Fingers : PA Projection

Monday, December 12, 2011

X-ray of the Fingers: PA View (2nd to 5th digits)

  Xray examination of fingers Posteroanterior Projection. Fractures and dislocation of the distal, middle, and proximal phalanges are can be seen, also distal metacarpal and associated joints are demonstrated. Some pathology processes, such as osteoporosis and osteoathritis if present is evident. Certain departmental protocols calls for one image to be centered and placed per CR imaging plate.

Trauma Patients

  A possible alternate routine involves a larger cassette used to include the entire hand for PA projection for possible secondary trauma or pathology and investigate other aspect of the hand and wrist. Oblique and lateral projection of the affected fingers only would be taken. Digits that cannot be extended can be examined in small section with dental films.
When joint injury is suspected, an AP projection is recommended instead of a PA projection.
When radiographing individual digits except the thumb (first digit).
Extend the digits (second through fifth) with the palmar surface down on the unmasked portion of the IR. Separate the digit slowly, and center the digit to the midline of the IR. Center the PIP joint to the IR.

finger xray
PA Projection : Fingers

Technologist Preparations

Film Size: 8 x 10 inches or 18 x 24 cm
Film can be divided into three for multiple exposure.
Film Orientation: Crosswise
kVp: mAs:
Digital IR: 50 to 60 kV range
SID: 100 cm
Lead Masking: For multiple exposure.
Shield Gonads by putting on patient' lap.

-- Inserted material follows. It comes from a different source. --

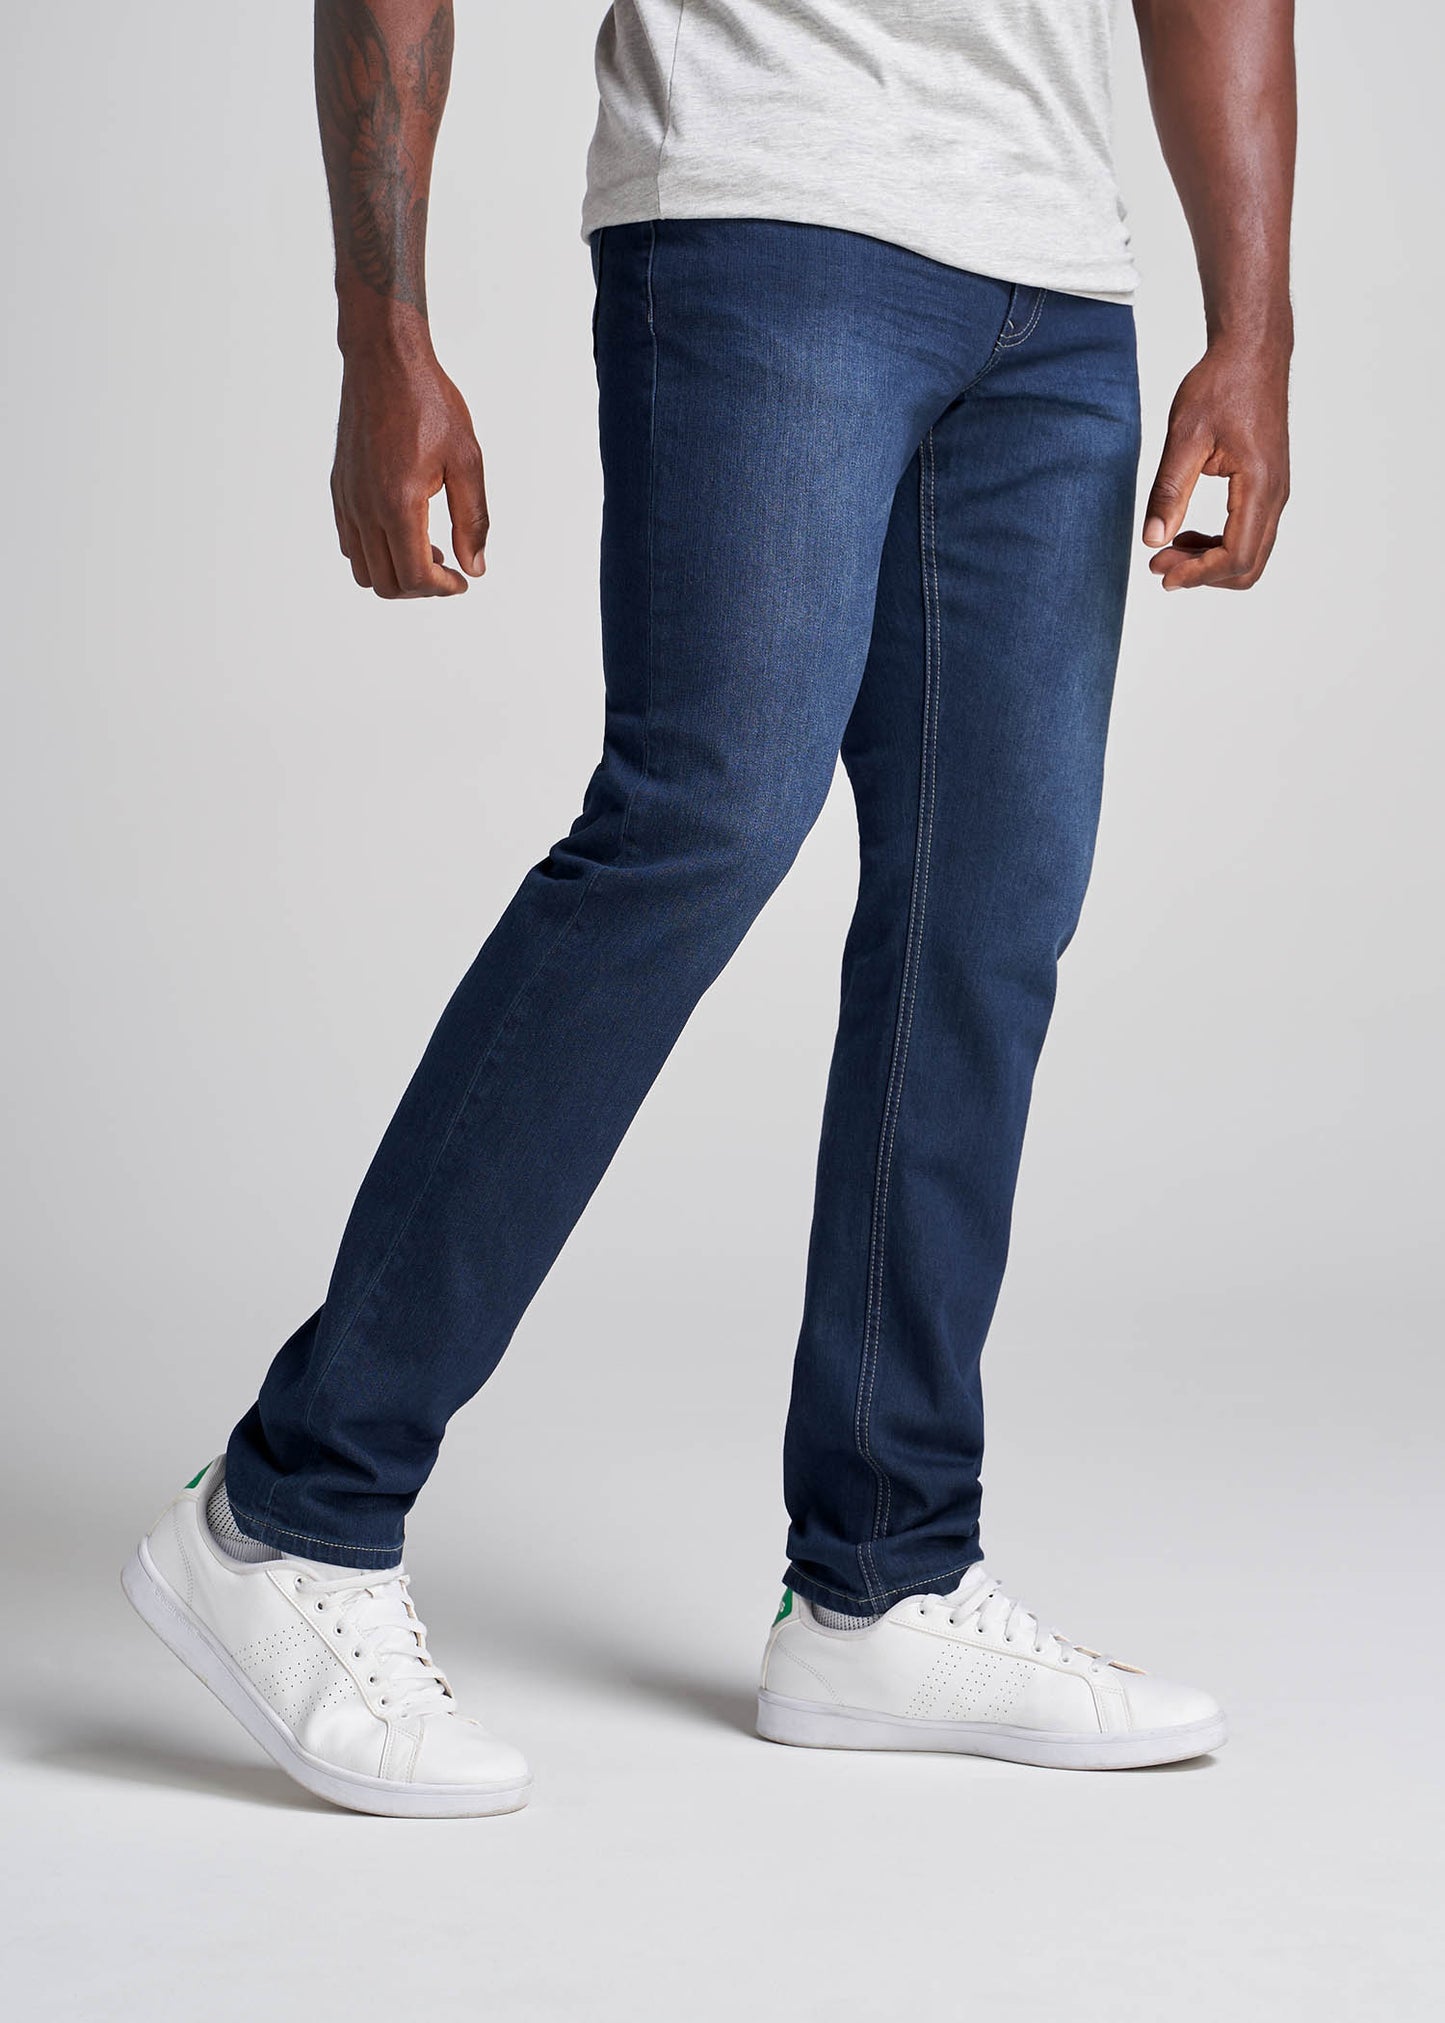 American_Tall_Men_CarmanTaperedFit_BlueSteel_Tall_Men_s_Jeans-Front

Patient Position and Use of Lead Masking

Let patient seat at end of table, with elbow flexed about 90 degrees and with hand and forearm resting on the table.

PA Projection: Fingers

Part Position and Central Ray
Hand is pronated and fingers are extended
Separate adjoining fingers from affected side.
Center and align the long axis of affected finger with the long axis of portion of cassette that is being radiographed.
Central ray is directed to IR, directed to PIP joint.
Collimate on four sides to area of affected fingers.

Radiographic Criteria

Ensure no rotation of the digits being examine.
Fingernail (if evident or intact) is centered over the distal phalanx.
Concavity of the phalangeal shaft has an equal amount of soft tissue on both side.
Entire digit from fingertip to distal adjoining metacarpal are included in the radiograph.
Bones are not overlap in open joint spaces of interphalangeal and MCP joint spaces. Soft tissue and clear bony trabecular markings.